Alexandre Bezerra (born 25 September 1987) is a Brazilian mixed martial artist who competes in the featherweight division.

Mixed martial arts career

Early career
Bezerra made his professional MMA debut in July 2008.  He quickly established an 8-1 record over the next two years while fighting in his native Brazil.
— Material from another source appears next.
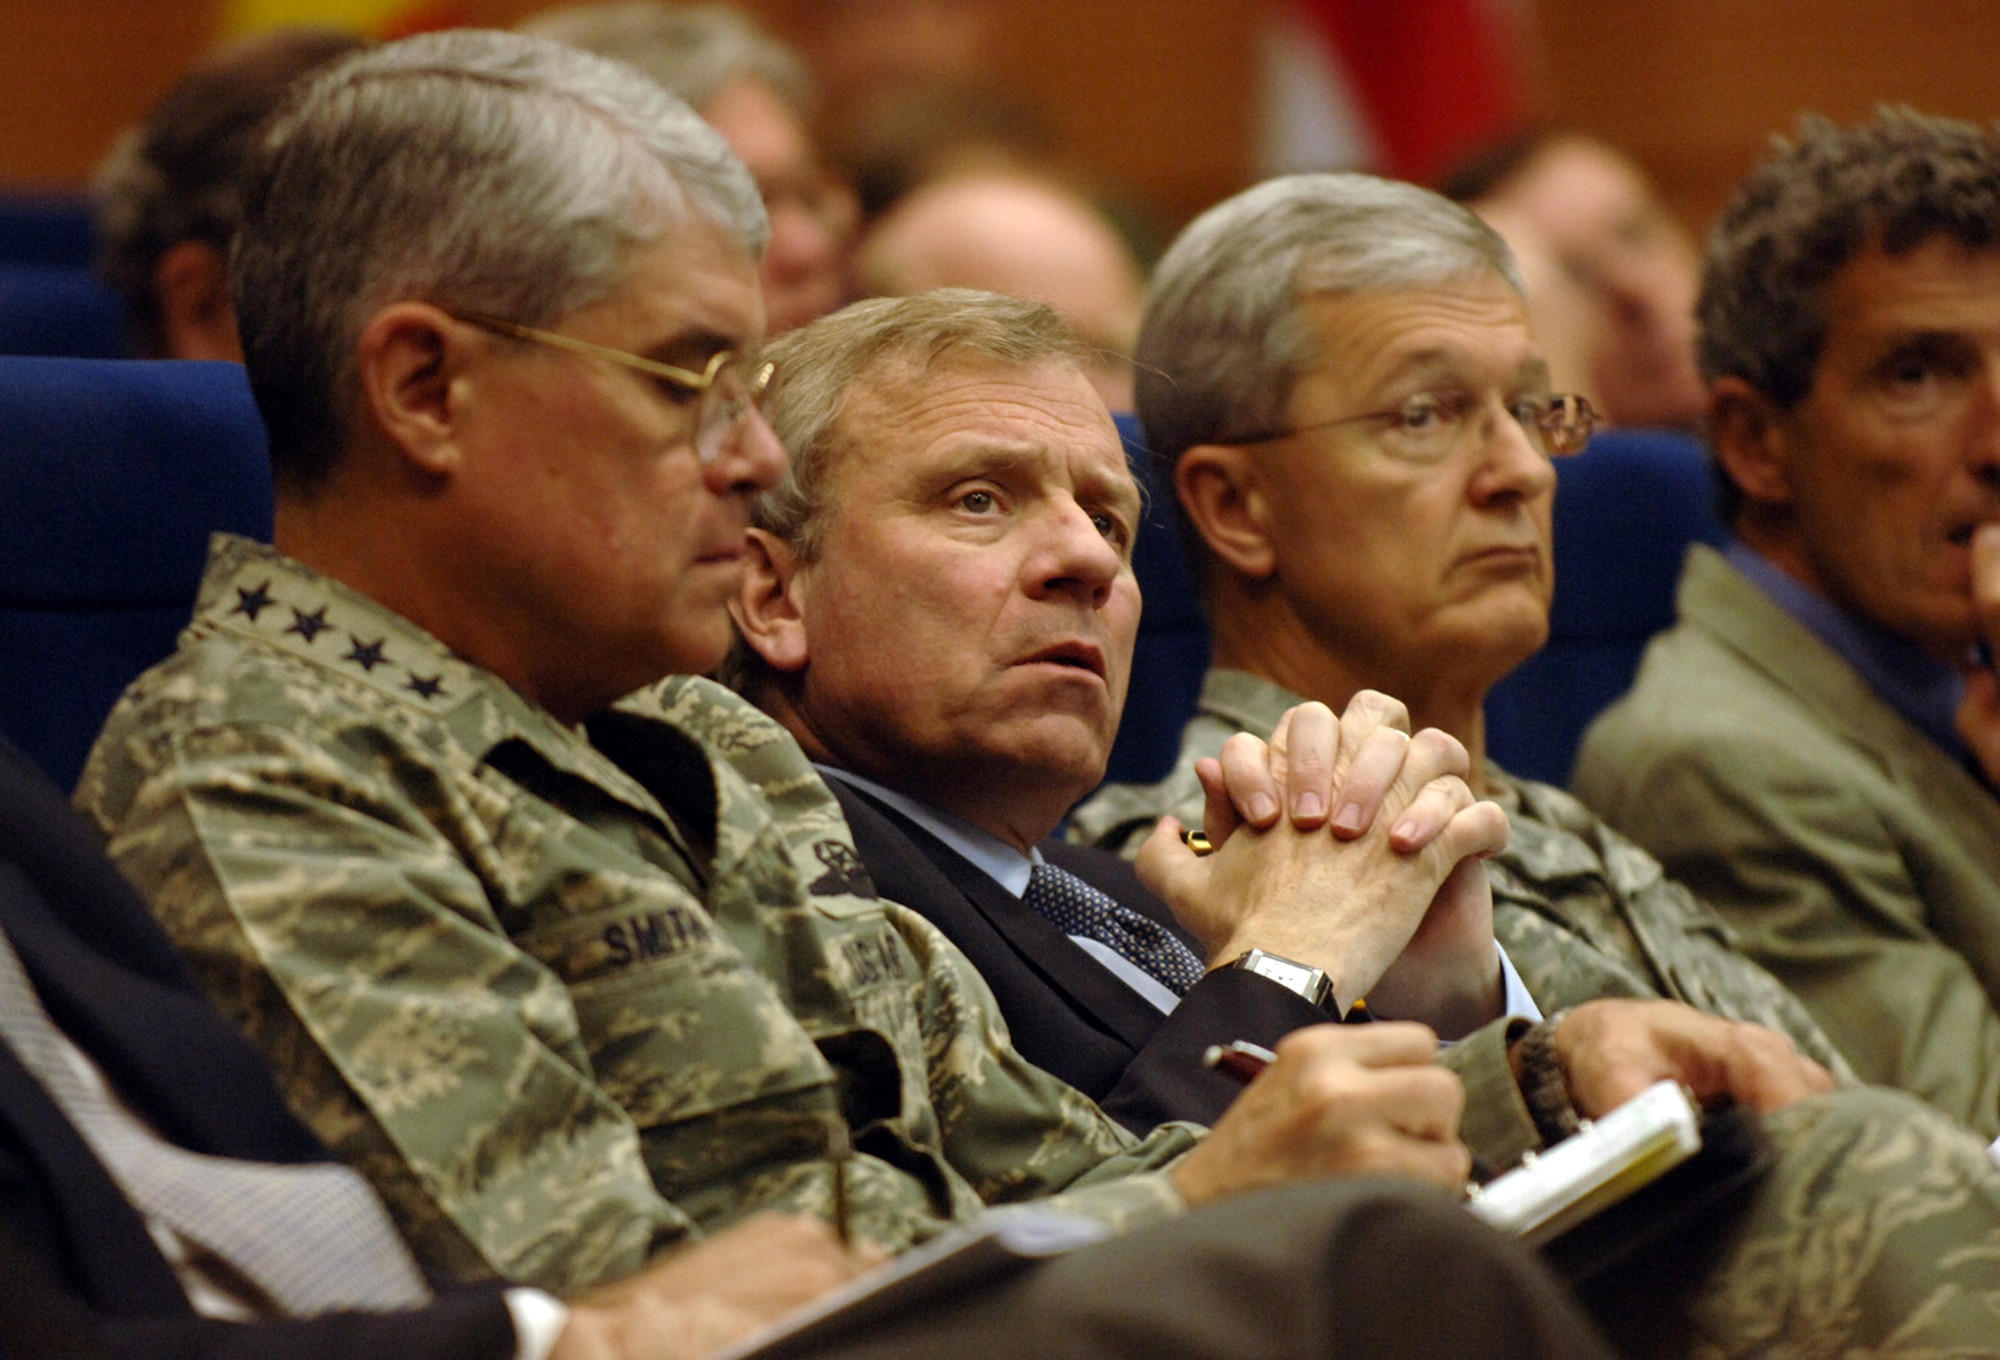 NATO Secretary General Jaap de Hoop Scheffer, flanked by Gen. Lance L. Smith (left)   and Army Gen. John Craddock tune into a lecture May 4 during the week-long NATO Response Force Exercise Allied Reach '07 at Allied Air Component Command Headquarters at Ramstein Air Base, Germany. The NATO commanders, along with representatives from 26 NATO nations attended the exercise that examined the command and control, logistics and training of the NATO Response Force at the strategic and operational levels. General Smith is the commander, U.S. Joint Forces Command/NATO Supreme Allied Commander Transformation. General Craddock is the Supreme Allied Commander, Europe. (U.S. Air Force photo/Master Sgt. Scott Wagers)

This drew the attention of Bellator Fighting Championships and he was signed with the company in 2011.

He currently trains in Philadelphia, Pennsylvania at Daddis Fight Camps and at Brazilian Jiu-Jitsu United alongside Roberto Godoi black belt and MMA fighter Wilson Reis.

Bellator Fighting Championships
Bezzera made his debut for Bellator in June 2011, fighting Sam Jones at Bellator 46. He won the fight via submission in the first round.  He subsequently fought Jesse Gross and Scott Heckman and won both fights via submission and TKO.

In his fourth Bellator fight, Bezerra defeated Doug Evans via submission in the first round.

In his fifth Bellator fight, Bezerra defeated Kenny Foster via submission in round 2 to advance to the semifinals of the Bellator Season 6 Featherweight Tournament.

In his sixth Bellator fight, Bezerra was defeated by Marlon Sandro in the Bellator Season 6 Featherweight Tournament Semifinal via split decision.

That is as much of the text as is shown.